Eksklusivitas Prodi dan PTN
Menjadikan PT di Indonesia agar lebih inklusif tampaknya masih merupakan pekerjaan rumah tersendiri. PTN masih menikmati privilese eksklusif karena kebijakan dan persepsi. Perlu kebijakan yang adil bagi PTN dan PTS.
Melanjutkan penyesalan dan kekecewaan atas peristiwa operasi tangkap tangan rektor dan beberapa pemimpin Universitas Lampung, muncul dua isu yang menjadi perhatian.
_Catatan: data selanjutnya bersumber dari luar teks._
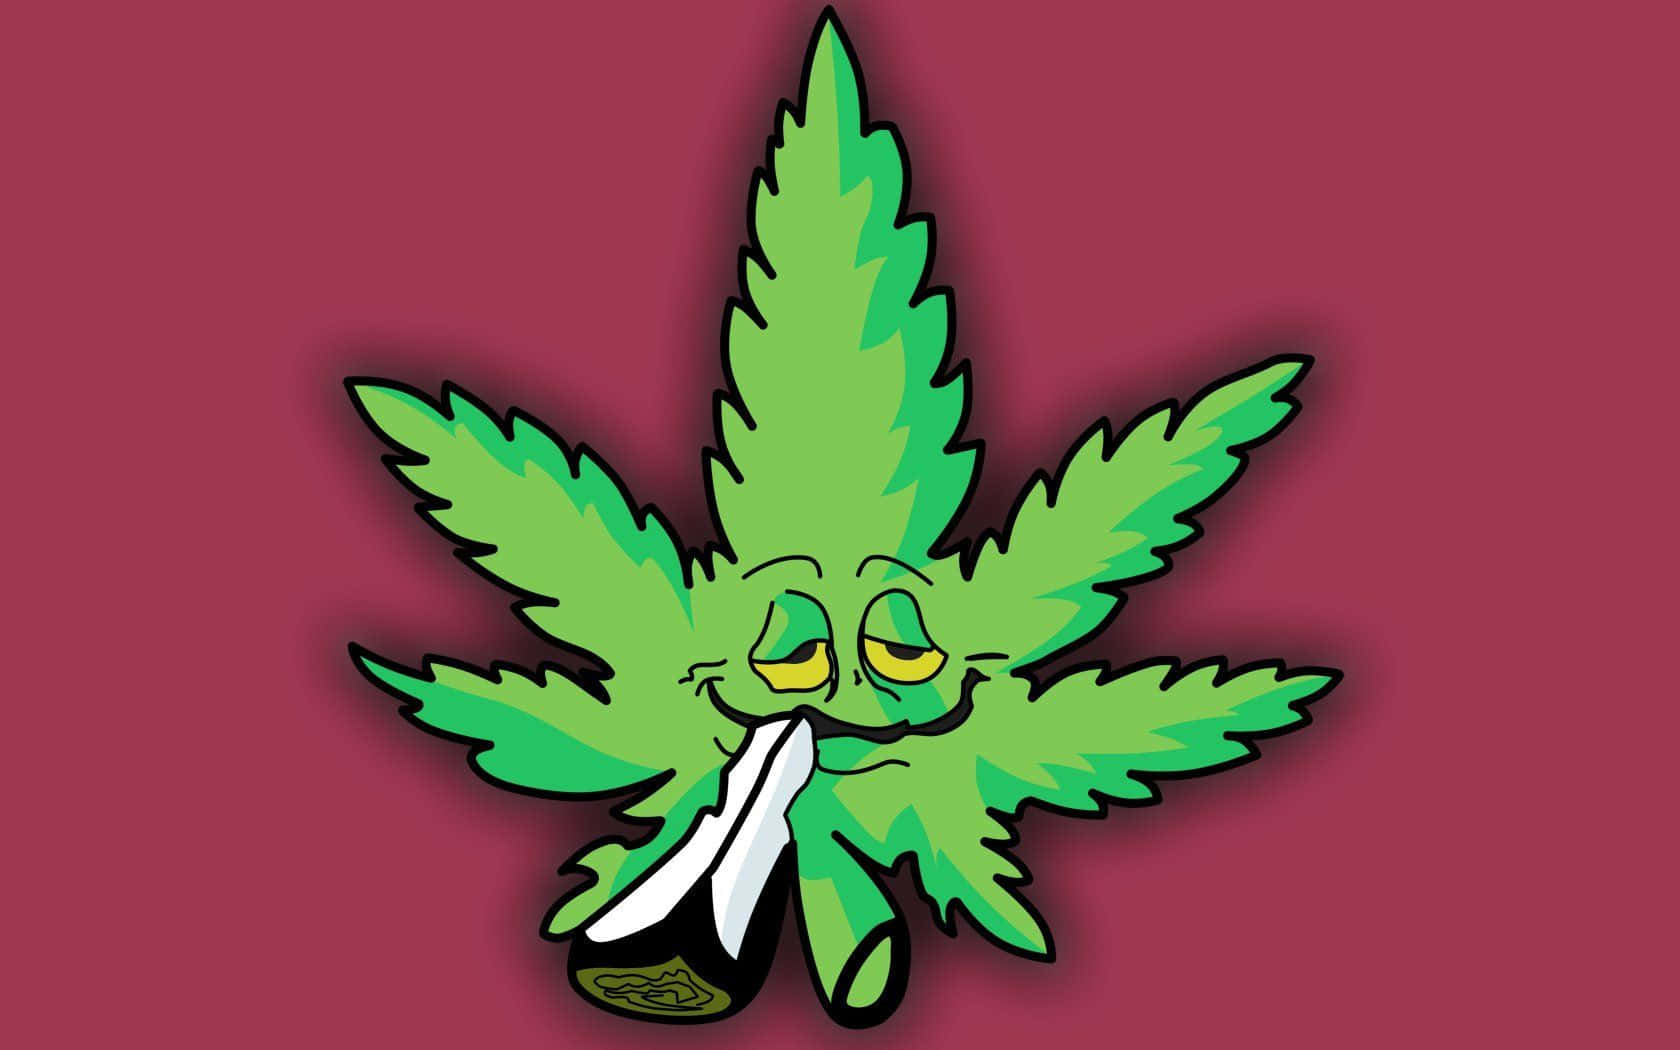 Plantade Cannabis Vibrante En Primer Plano.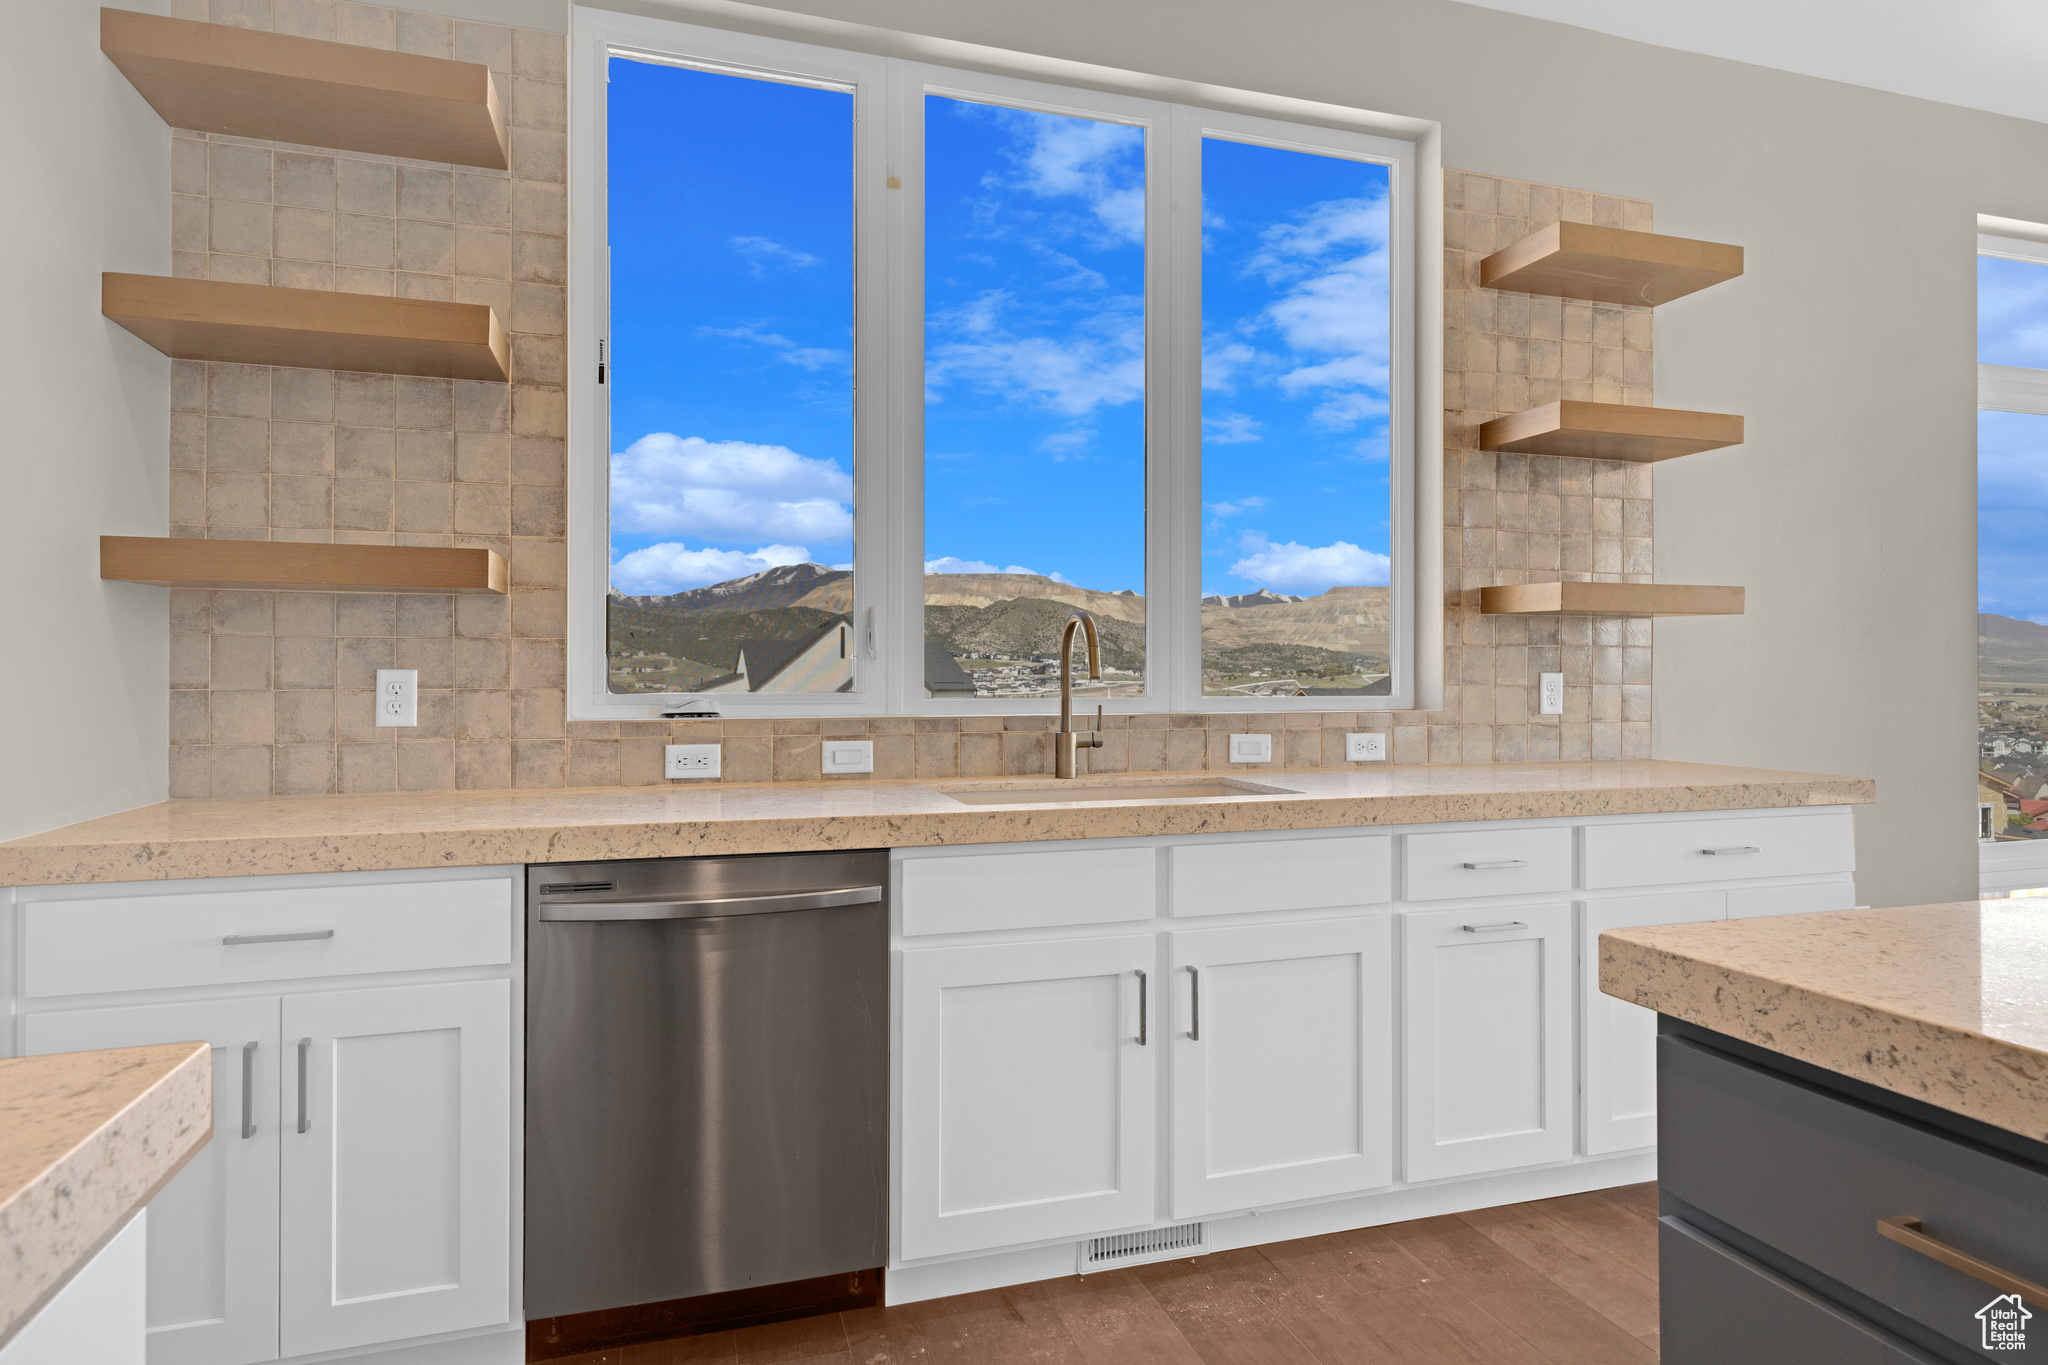 Kitchen with dishwasher, dark hardwood / wood-style floors, tasteful backsplash, white cabinets, and sink

Pertama, terkait tuntutan perbaikan tata kelola, khususnya dalam penerimaan mahasiswa baru (PMB) jalur mandiri. Kedua, pentingnya kualitas kepemimpinan dan integritas pemimpin perguruan tinggi (PT). Perhatian itu diungkapkan oleh Didi Achjari dan Satrio Soemantri Brodjonegoro dalam artikel di Kompas (24/8/2022). Dua tulisan itu seakan mewakili kegeraman, kegundahan, dan kekecewaan Menteri Pendidikan, Kebudayaan, Riset, dan Teknologi Nadiem Makarim dan Pelaksana Tugas Dirjen Dikti Nizam atas peristiwa OTT itu.
Betapa tidak, ketika kementerian sedang bekerja keras untuk meningkatkan kualitas pendidikan tinggi (dikti) atau meningkatkan daya saing internasional dan mengupayakan PT Indonesia masuk peringkat dunia, kasus OTT justru terkesan menarik mundur ke dalam keterpurukan. Betapa tidak, ketika pemimpin tertinggi PT dengan gelar kehormatan tertinggi justru menjauhkan idealisme untuk menghasilkan lulusan yang berintegritas, jujur, melayani, disiplin, dan cinta bangsa. Betapa tidak, ketika ada banyak kemudahan dan fasilitasi yang disediakan oleh negara (APBN), selalu dirasa kurang dan menjadi alasan untuk bertindak curang.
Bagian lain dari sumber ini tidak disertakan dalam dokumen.